• _Data_
....................

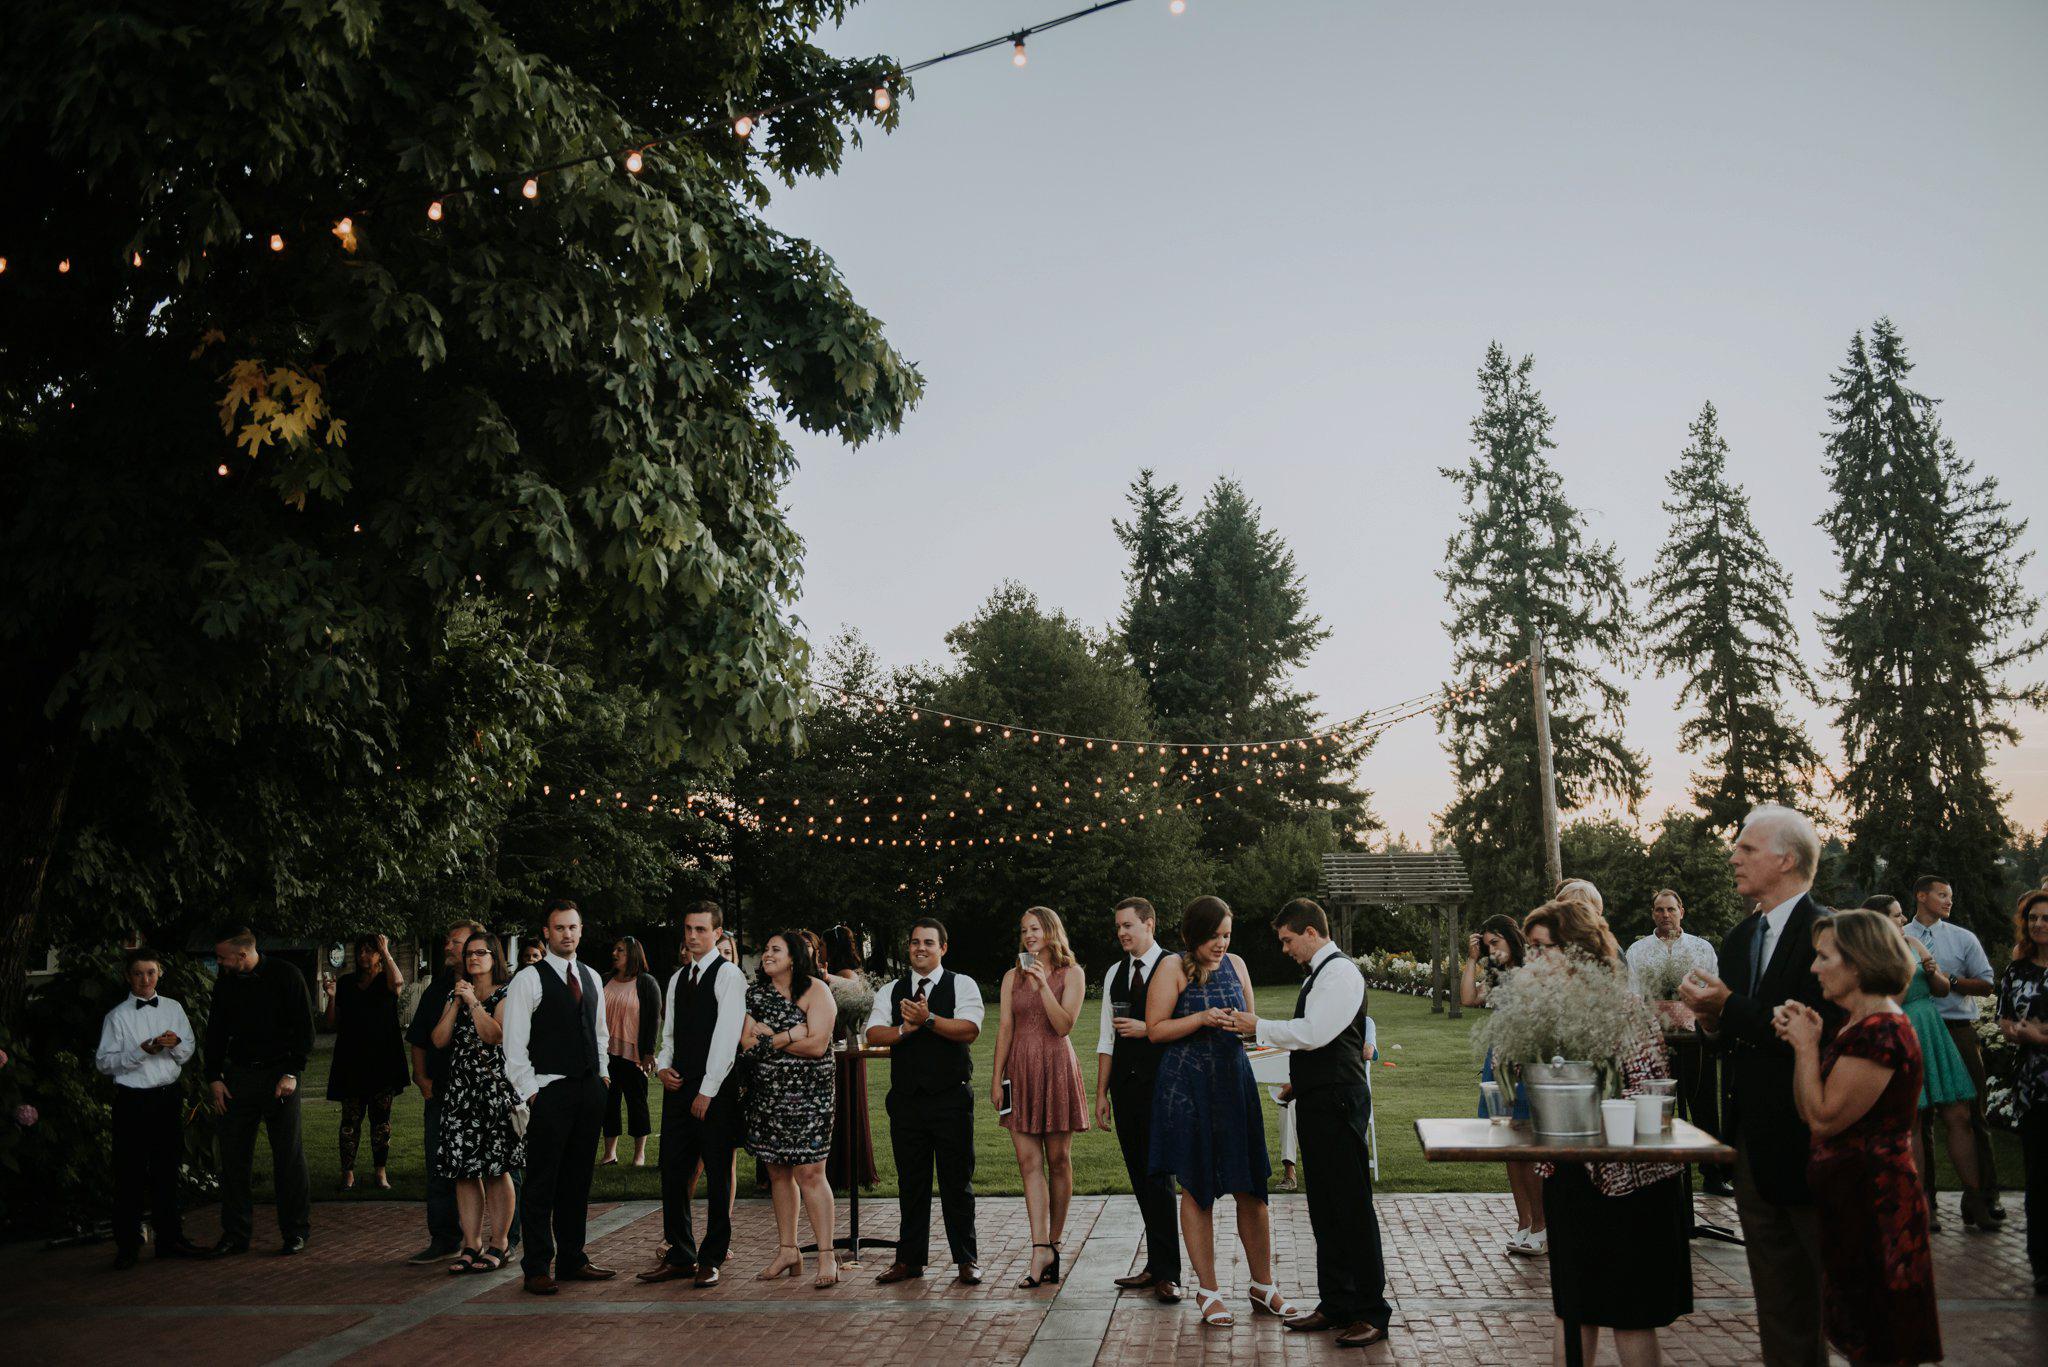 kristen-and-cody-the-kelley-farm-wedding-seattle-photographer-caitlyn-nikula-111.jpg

....................

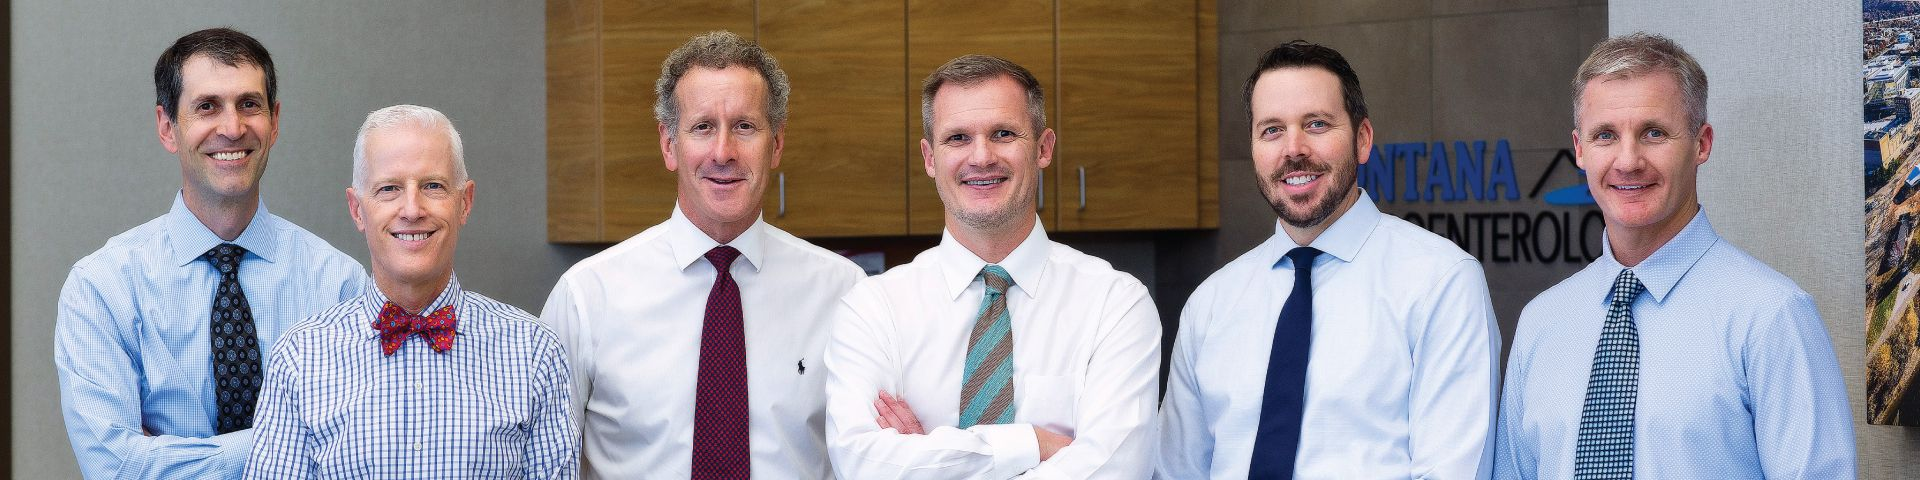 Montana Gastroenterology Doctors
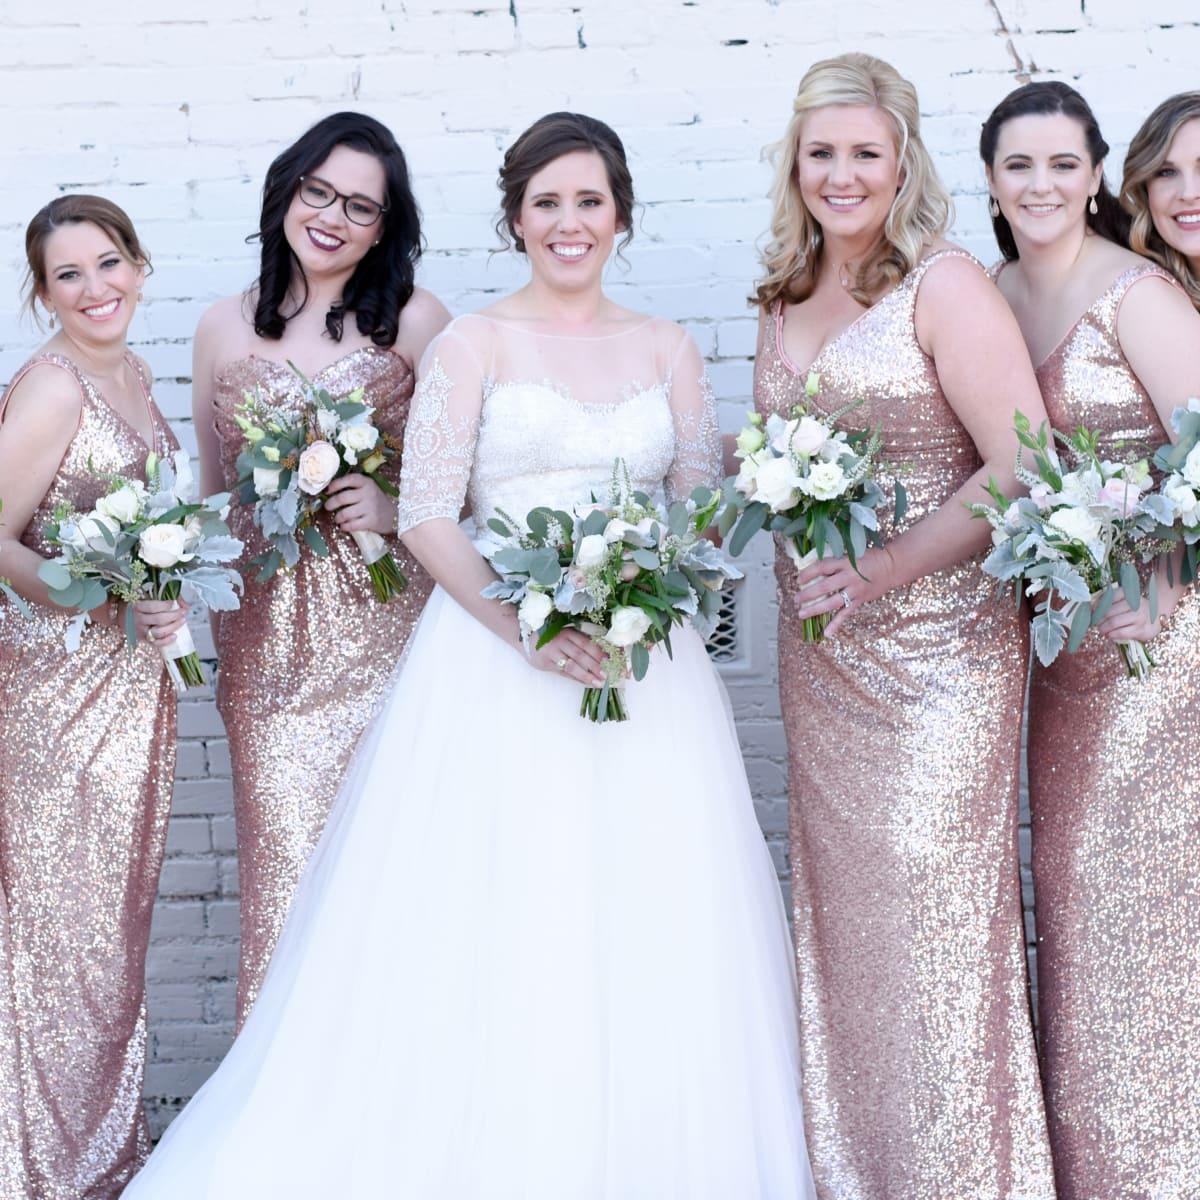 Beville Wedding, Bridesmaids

....................

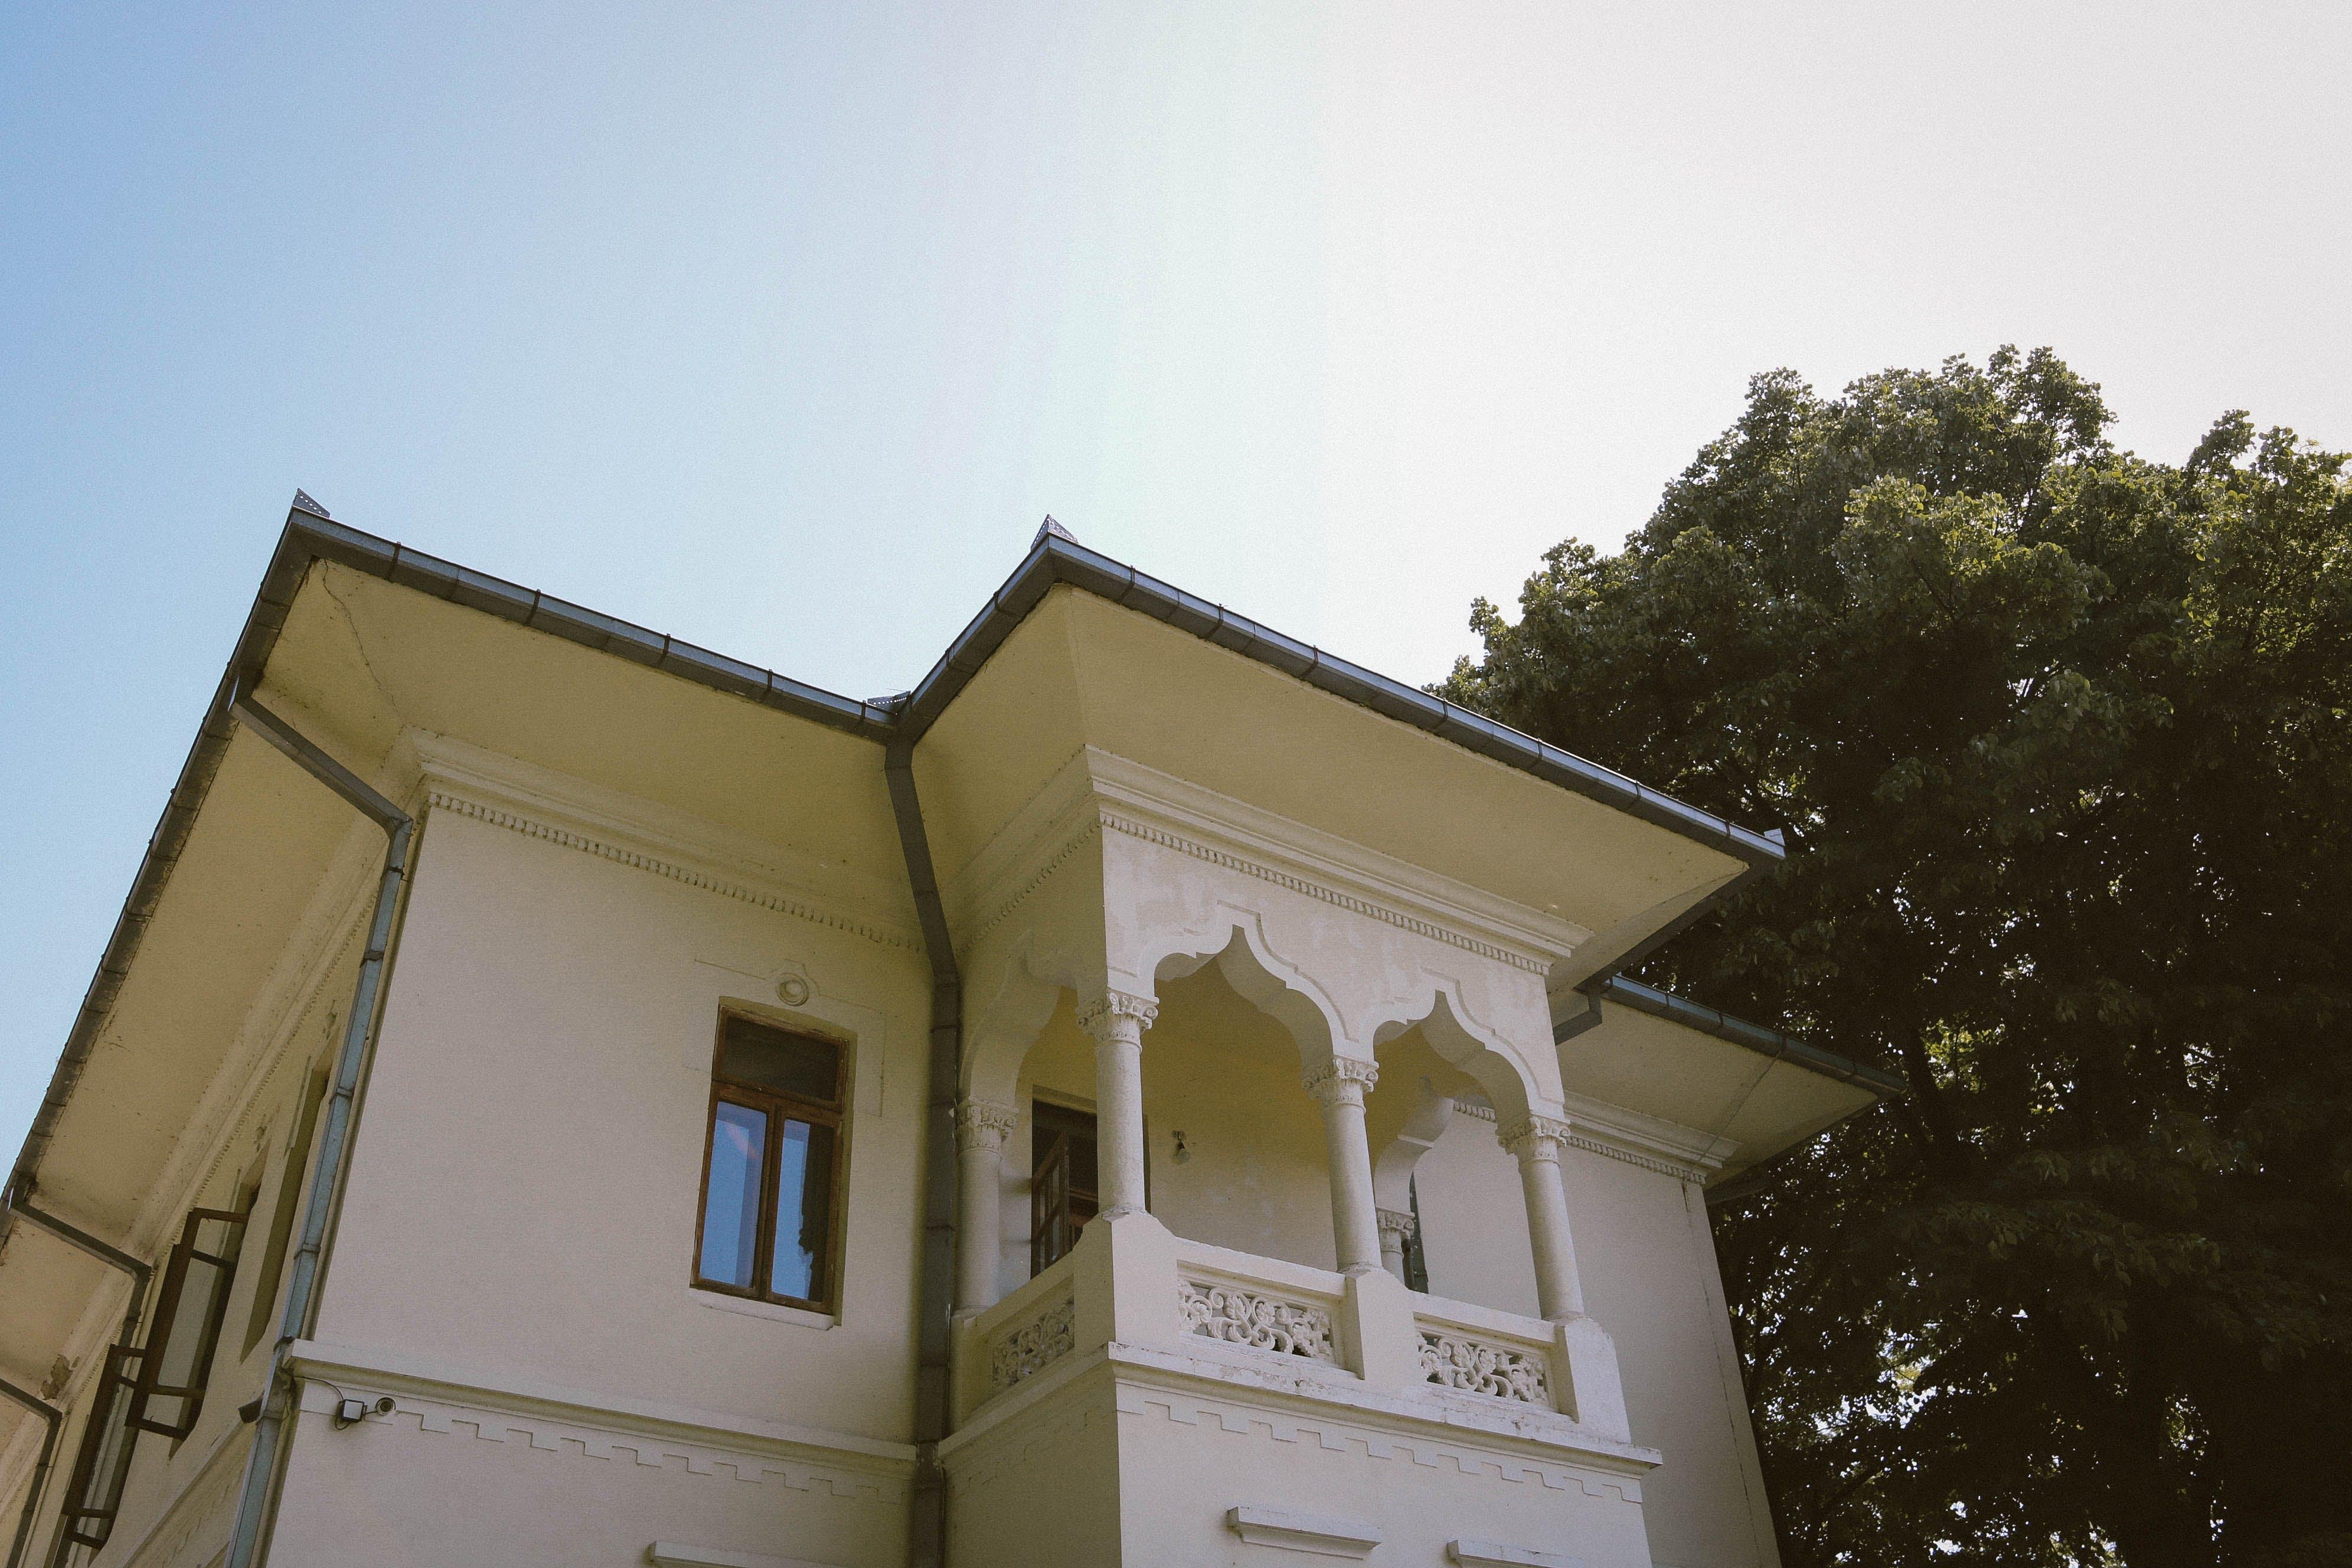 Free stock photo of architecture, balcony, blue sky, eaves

....................

• _Activity_
Repeat the lines above exactly, beginning with the one containing "Montana Gastroenterology Doctors" and finishing with the one containing "Beville Wedding, Bridesmaids". No pictures belong in the copy.

• _Task response_
 Montana Gastroenterology Doctors
 Beville Wedding, Bridesmaids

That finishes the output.